One company thought they had a problem with slow disks on a Windows 2003 Server. Performance monitor confirmed long queues and slow disk access times. Their conclusion was that the bottleneck was the disk and so they bought faster disks. Unfortunately, the slow response persisted and they called me in to investigate. By monitoring all the 'big four' performance objects, I found excessive paging, there was also less than 2MB of available bytes. The true ailment was lack of memory, high disk usage was a symptom and not the cause. The lesson: incomplete monitoring can mean a waste of time and money, so always record these four objects:- Memory, Processor, Disk and Network.

The Windows server roles most likely to experience disk problems are, web servers with lots of graphics and file servers. On the other hand, Domain Controllers, DNS, or DHCP servers are unlikely to have disk bottlenecks
Disk Topics

* Basic disk counters
* Disk Bottleneck - Queues
* Solutions to Disk problems
* Diskperf -y (New settings in 2003)
* Summary of Disk Monitoring

Basic counters to monitor disk activity
PhysicalDisk

1. PhysicalDisk: Avg. Read Queue Length Should be less than 2
2. PhysicalDisk: Avg. Write Queue Length Should be less than 2
3. PhysicalDisk: % Disk Time more than 50% indicates a bottleneck

Disk Bottleneck - Queues Performance Monitor Disk Queues

In Diagram 1 performance monitor shows classic symptoms of a disk bottleneck. My diagnosis is based on the Disk write queue counter, you can see that this queue averages more than 2. In fact the average is nearly 4 (with a peak of over 8).

I wanted to to be unbiased. So, to ensure that it was not a processor or memory bottleneck, I also recorded % processor time and available bytes. As you can see from Diagram 1, the processor's average was below 30%. If the processor were the bottleneck the trace would be over 80%. On the other hand, if there was a memory shortage, available bytes should drop below 10MB. The graph show there was always 70 MB of Available MBytes.Performance Monitor Disk Bottleneck

The performance bottleneck may be worse than the average figures above suggest.
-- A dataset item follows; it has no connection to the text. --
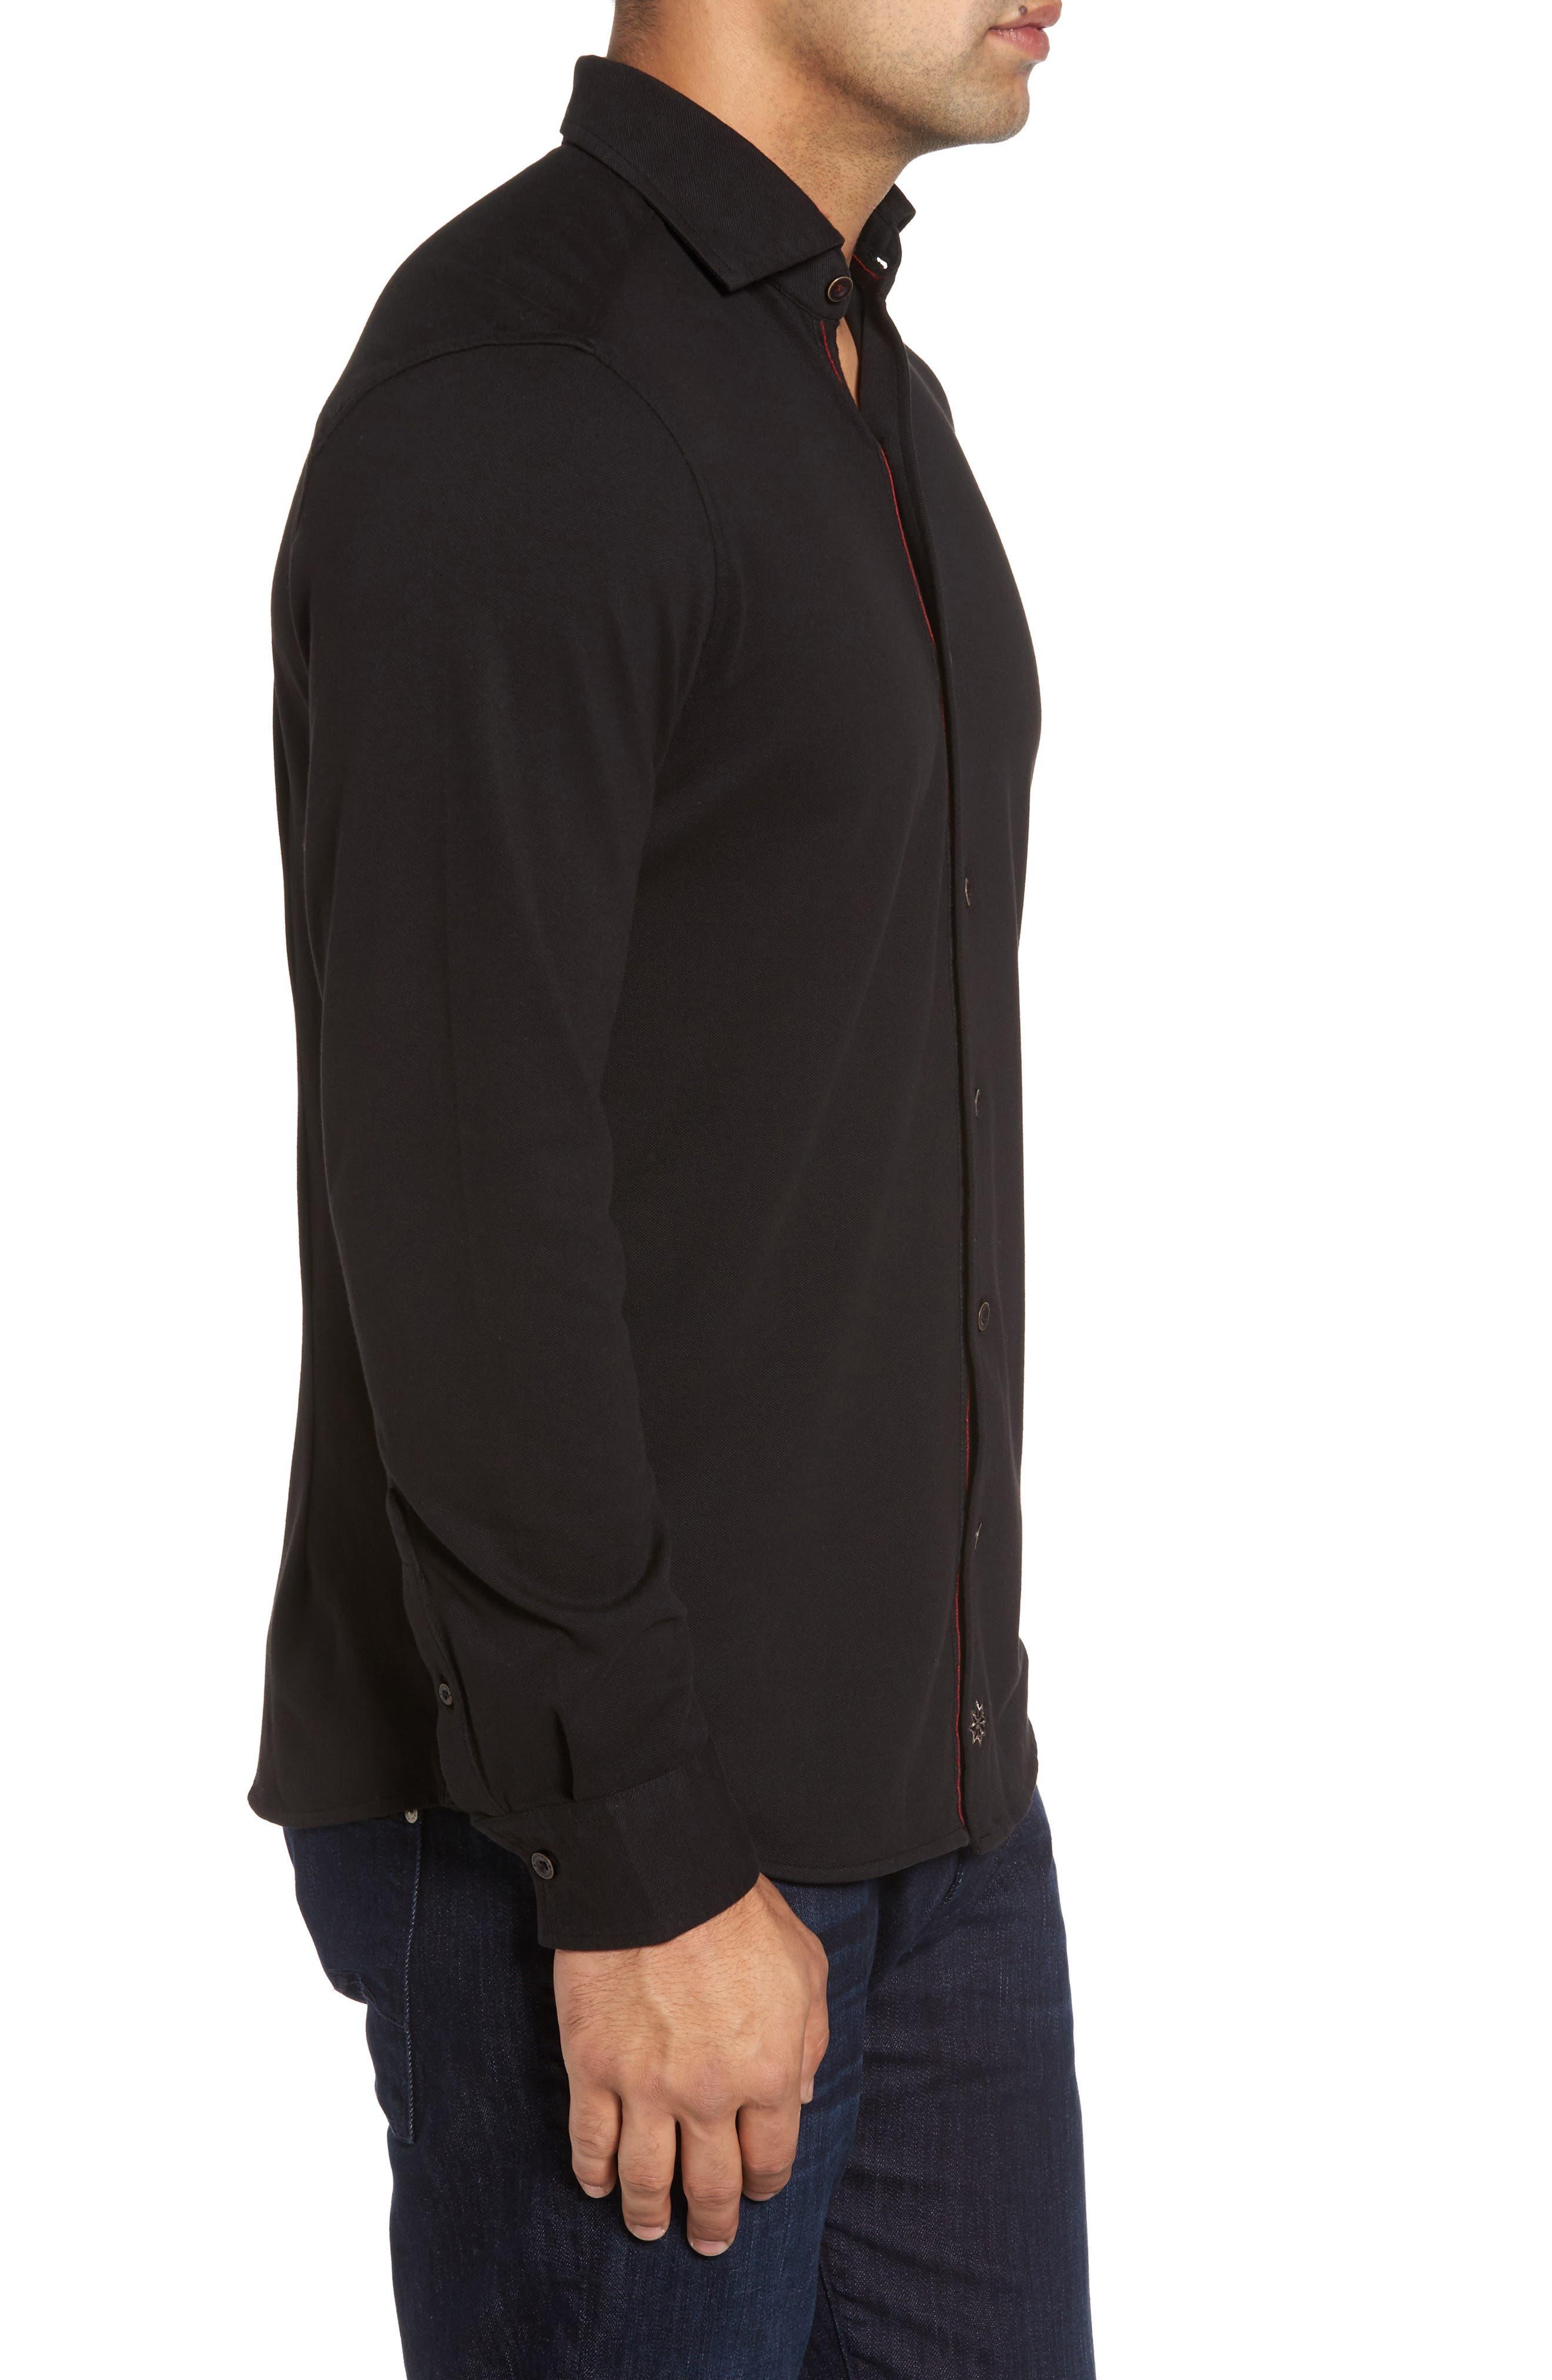 Shively Piqué Knit Sport Shirt,                             Alternate thumbnail 3, color,                             001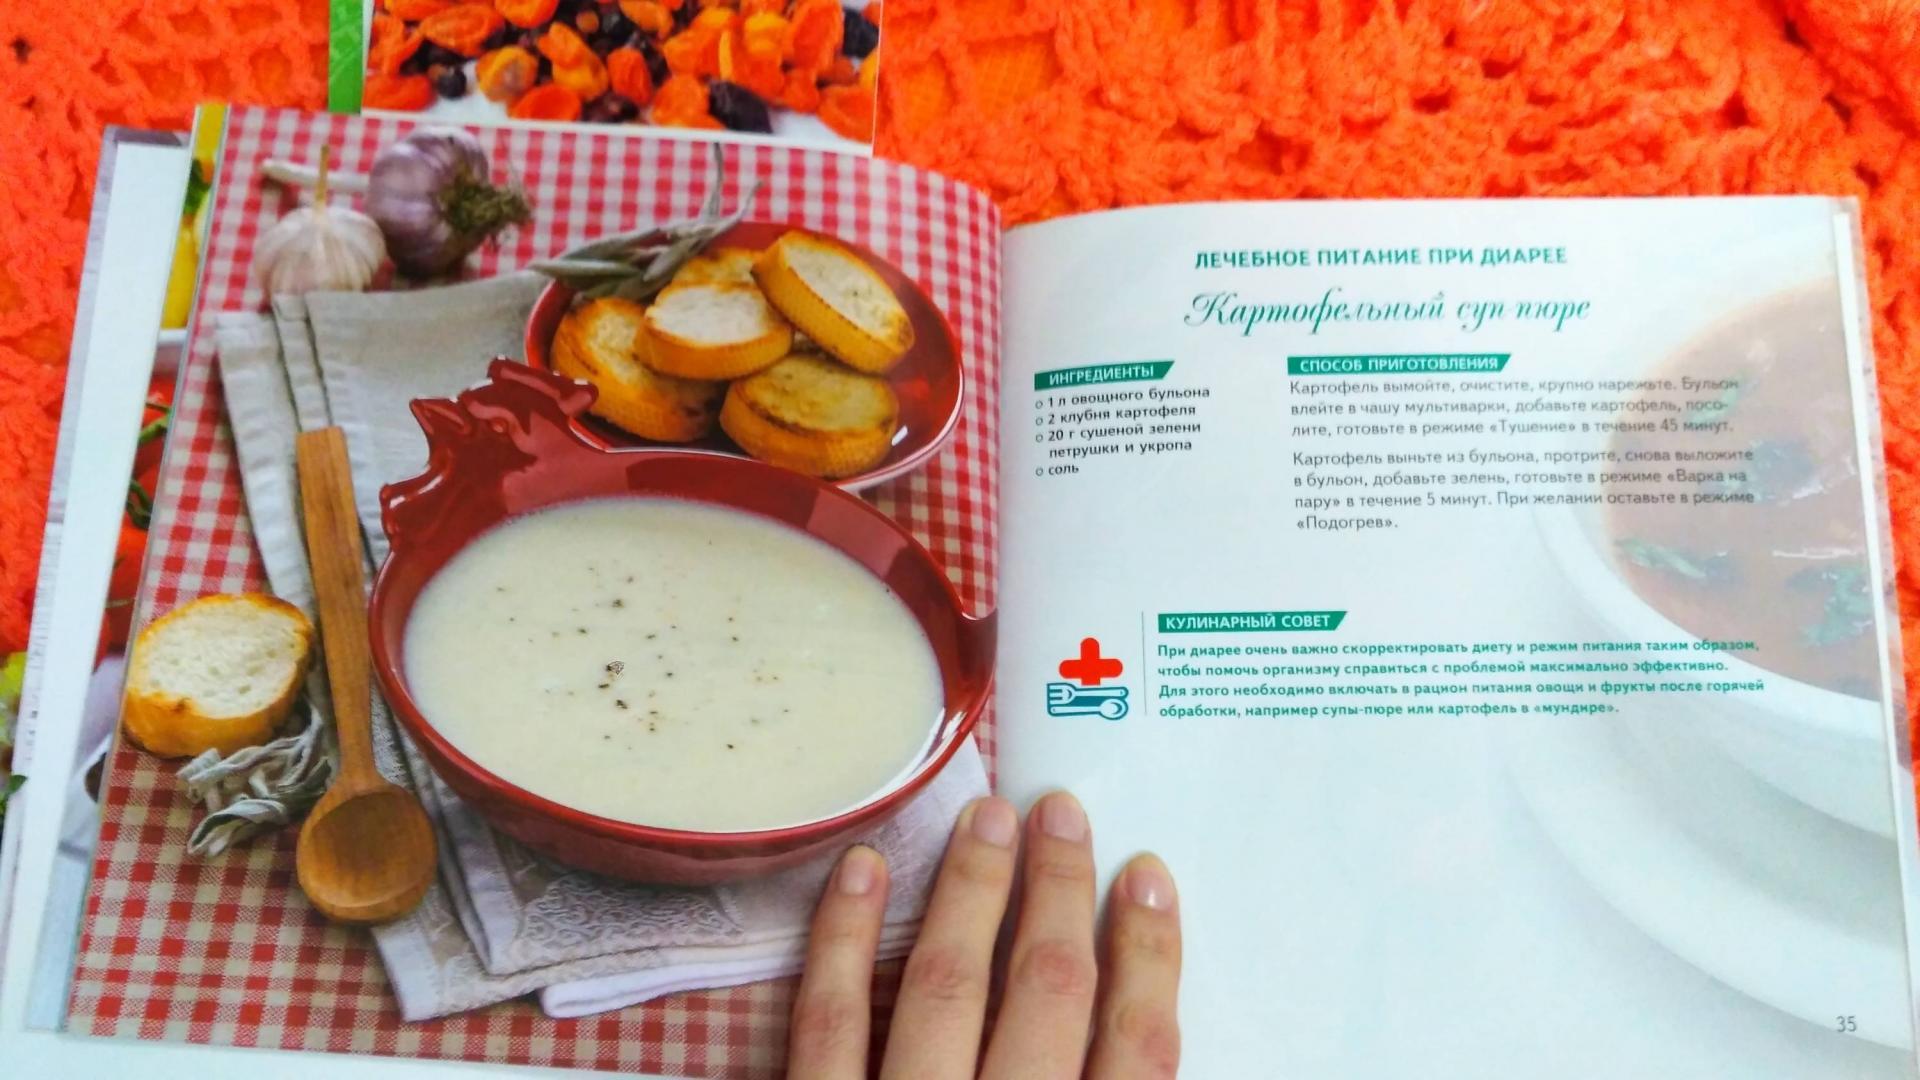 Справочник по лечебному питанию диета 1

In Diagram 2, I have legitimately chopped the graph to isolate the period of intense disk activity. For these 5 minutes (4:46) the average is almost 6 against the bottleneck threshold of 2.

The other difference is that in Diagram 2 (taken from performance monitor), I have included % Disk Time, this exceeds 100% for the duration of the trace. In other words, the disk is working flat out writing data to to the hard drive.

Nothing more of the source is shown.